Only 2x2x2 I could find on DX, but I've never owned a 2x2x2 so I don't know if it's an ES.

Also, http://www.dealextreme.com/details.dx/sku.16334 and http://www.dealextreme.com/details.dx/sku.18134 . Does anyone know how good these are?


----------



## FDK 1 (Mar 20, 2009)

WaffleCake said:


> ThePizzaGuy92 said:
> 
> 
> > that cube isn't a knockoff, it has c4us logo imprinted on the center if you look through the pictures.
> ...



i've heard that the pyraminxes are ok


----------



## Chuberchuckee (Mar 20, 2009)

FDK 1 said:


> WaffleCake said:
> 
> 
> > ThePizzaGuy92 said:
> ...


That's not an ES 2x2, it's a useless piece of fragile plastic.
That's a PVC megaminx (I plan on purchasing one).
That's a cheap and crappy pyraminx.
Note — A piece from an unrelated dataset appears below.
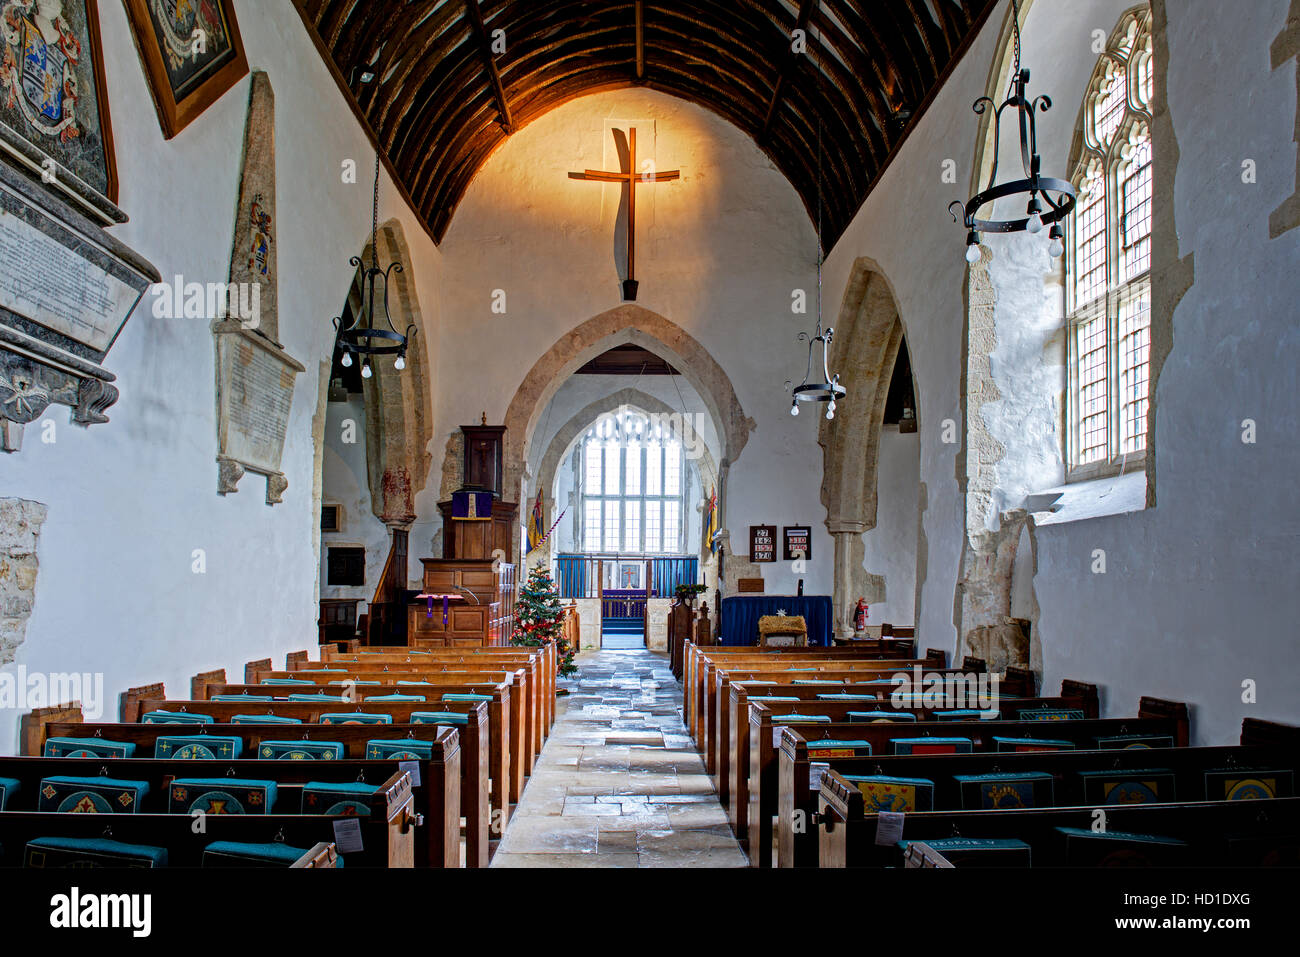 L'intérieur de l'église St Winifred, Branscombe, Devon, Angleterre, Royaume-Uni Banque D'Images

For a better one, see http://www.dealextreme.com/details.dx/sku.13757 

For future reference, see http://twistypuzzles.com/forum/viewtopic.php?p=139010#p139010


----------



## Unknown.soul (Mar 20, 2009)

Chuberchuckee said:


> For future reference, see http://twistypuzzles.com/forum/viewtopic.php?p=139010#p139010



I must have missed that, Focalprice has a black "Chinese" Speedcubing Kit (old Type D with lube, a screwdriver, and a solution booklet) and a black Type F.


----------



## franklooi96 (Mar 20, 2009)

Do you meant those Yongjun ones? They even copied V5, V6 and V7!!
Void Cube as well..


----------



## MichaelErskine (Mar 20, 2009)

WaffleCake said:


> Also, http://www.dealextreme.com/details.dx/sku.16334 and http://www.dealextreme.com/details.dx/sku.18134 . Does anyone know how good these are?


I have both of these: the megaminx is a fair PVC minx of good build quality and works well with a bit of lube, screw adjustment and sanding but some of the sticker colours are hard to distinguish. The pyraminx is pretty cheap and nasty (only one centre has a screw and the remainder are snap-on) but can be a very fast puzzle when broke in and lubed.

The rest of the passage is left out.